It's effectively a comment (nobody is expected to ever uncomment it by
removing the "#ifdef 0"). Sometimes, comments become obsolete. It's a
trade-off.

> > What if I just had a local copy of numSkipArrayKeys, and copied back
> > into caller's arg when the function returns? We'll still need a
> > prev_numSkipArrayKeys under this scheme, but we won't have to set the
> > caller's pointer until right at the end anymore (which, I agree, seems
> > like it might be worth avoiding).
>
> That's a nice alternative too, indeed.

I'll do it that way in the commited patch. That's probably not going
to happen until Friday morning EST, to give me another full day to
work some more on the docs.

I don't see much point in posting another version of the patchset to the list.

> > But the API definition *does* specifically address the opclass
> > author's responsibilities around NULLs? It specifically says that it's
> > not up to the opclass author to think about them at all.
>
> Yes. What I'm suggesting is to make the contract enforceable to a
> degree. If it was defined to "return (Datum) 0 on overflow", then that
> could be Assert()ed; and code that does leak memory could get detected
> by static analysis tools in the function scope because the allocation
> didn't get returned, but with this definition returning an allocation
> is never detected because that's not part of the contract.
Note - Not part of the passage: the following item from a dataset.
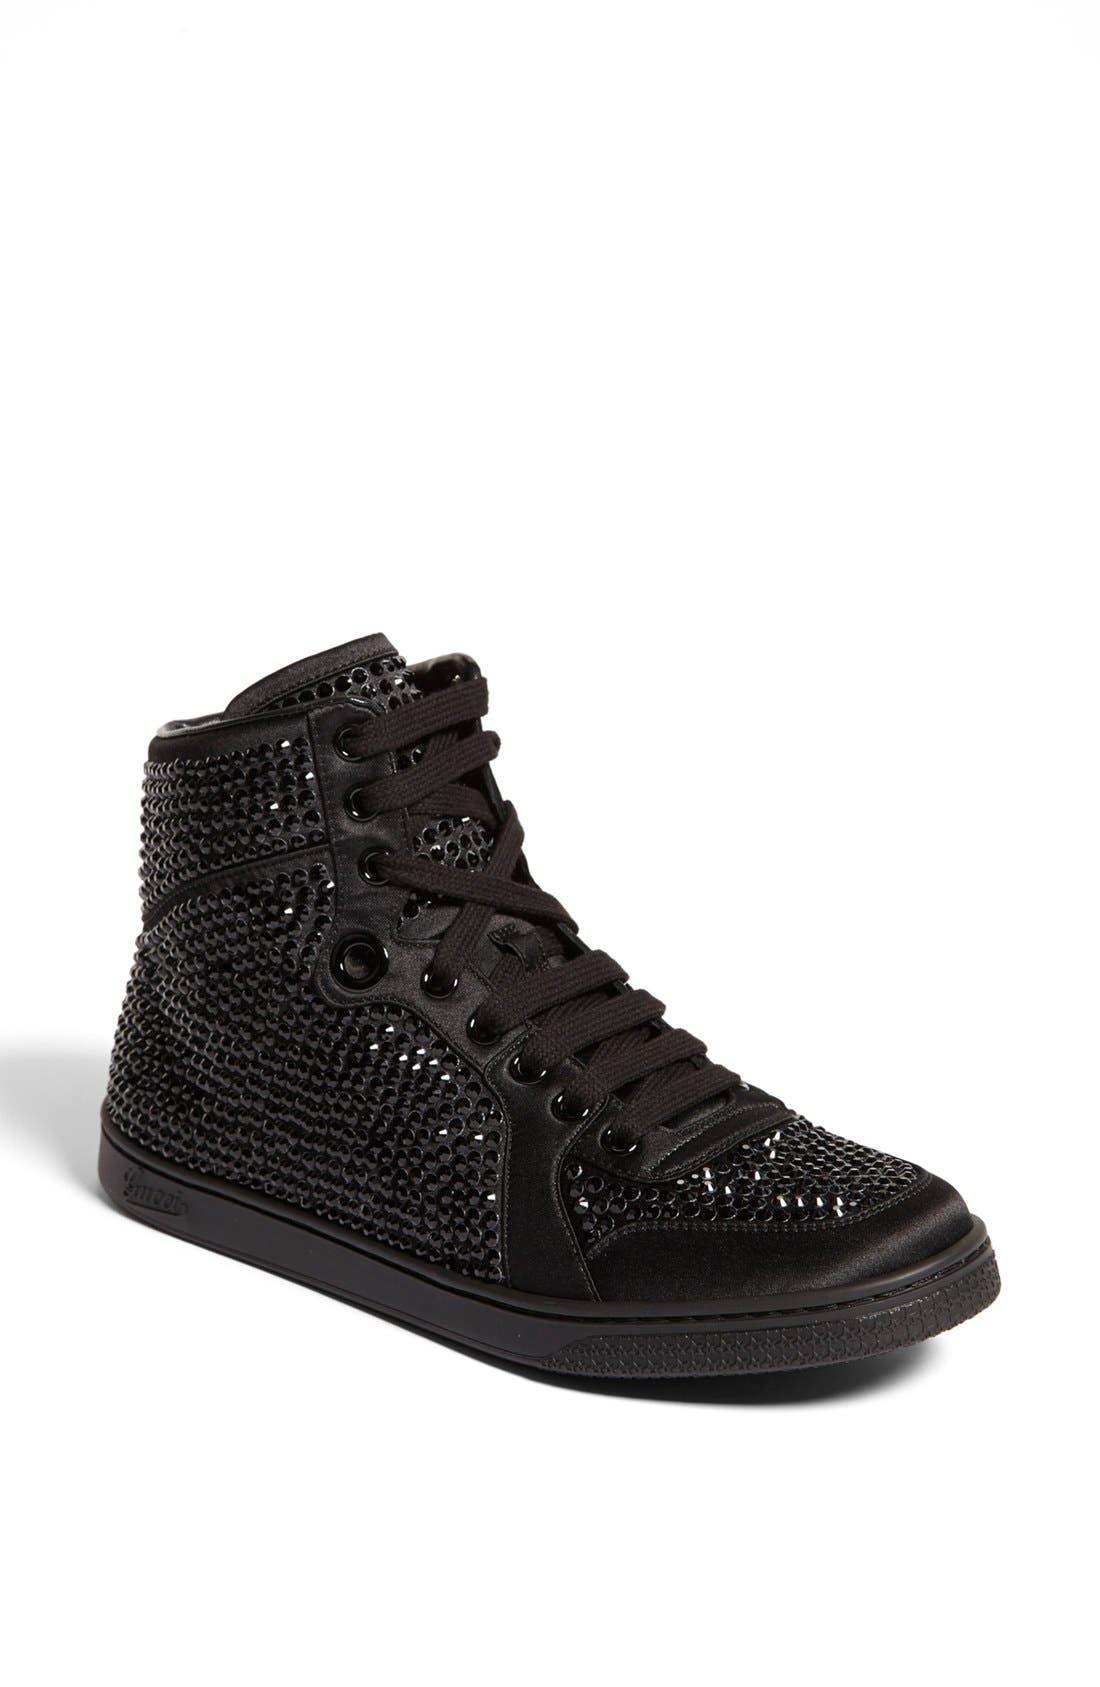 Main Image - Gucci 'Coda' Crystal Stud High Top Sneaker

All B-Tree support functions aren't allowed to leak memory. Same with
all operators. This will be far from the only time that we expect
opclass authors to get that right. This mostly works just fine,
probably because an opclass that leaked memory like this would visibly
break quite quickly.

> You could Assert(inc_sk_argument == (Datum) 0) in the oflow branch?
> I'm certain that (Datum) 0 is an invalid representation of a pointer,
> so we know that no allocated value is returned (be it new or
> pre-existing).

I just don't see what the point would be. Nothing would stop a
decrement/increment callback that needs to allocate memory from
returning 0 and then leaking memory anyway.

-- 
Peter Geoghegan